▶ **Work request**:
Everything in the listing should be copied exactly, save for the pictures.

▶ **Data excerpt**:
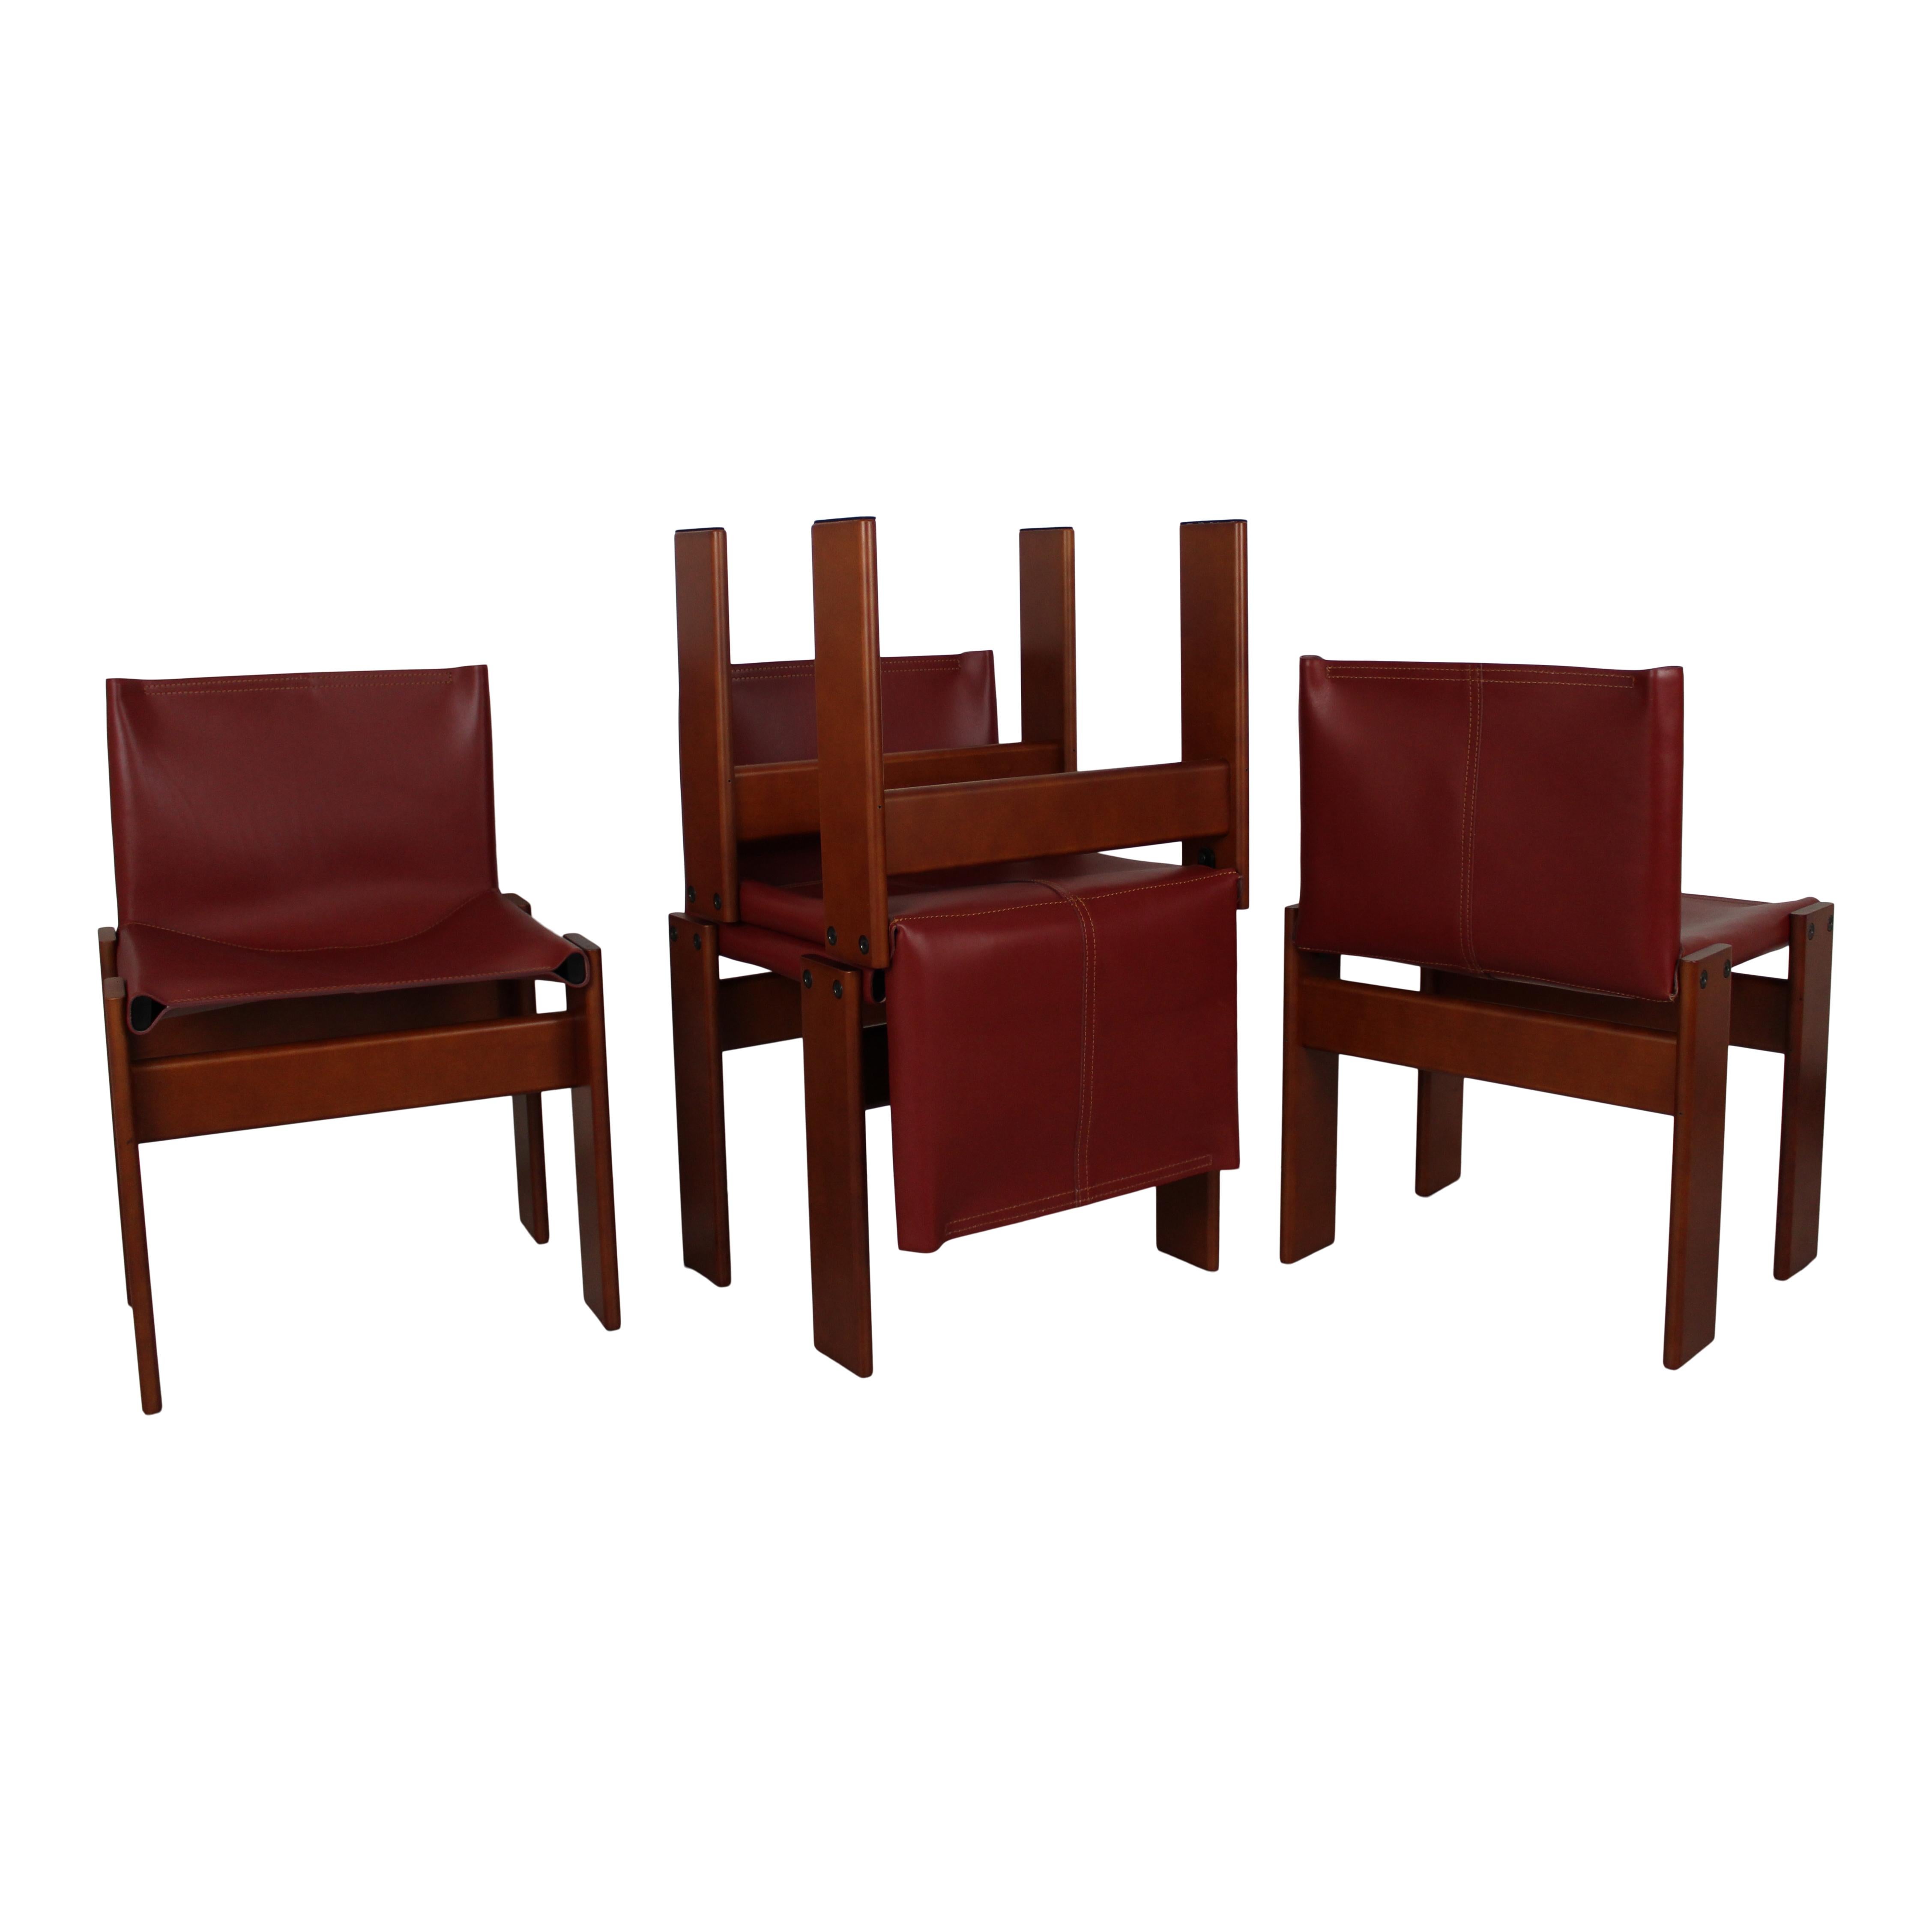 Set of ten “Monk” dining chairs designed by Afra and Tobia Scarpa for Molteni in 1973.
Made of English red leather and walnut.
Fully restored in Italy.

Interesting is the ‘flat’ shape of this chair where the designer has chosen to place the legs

▶ **Result of the exercise**:
 Set of ten “Monk” dining chairs designed by Afra and Tobia Scarpa for Molteni in 1973.
Made of English red leather and walnut.
Fully restored in Italy.

Interesting is the ‘flat’ shape of this chair where the designer has chosen to place the legs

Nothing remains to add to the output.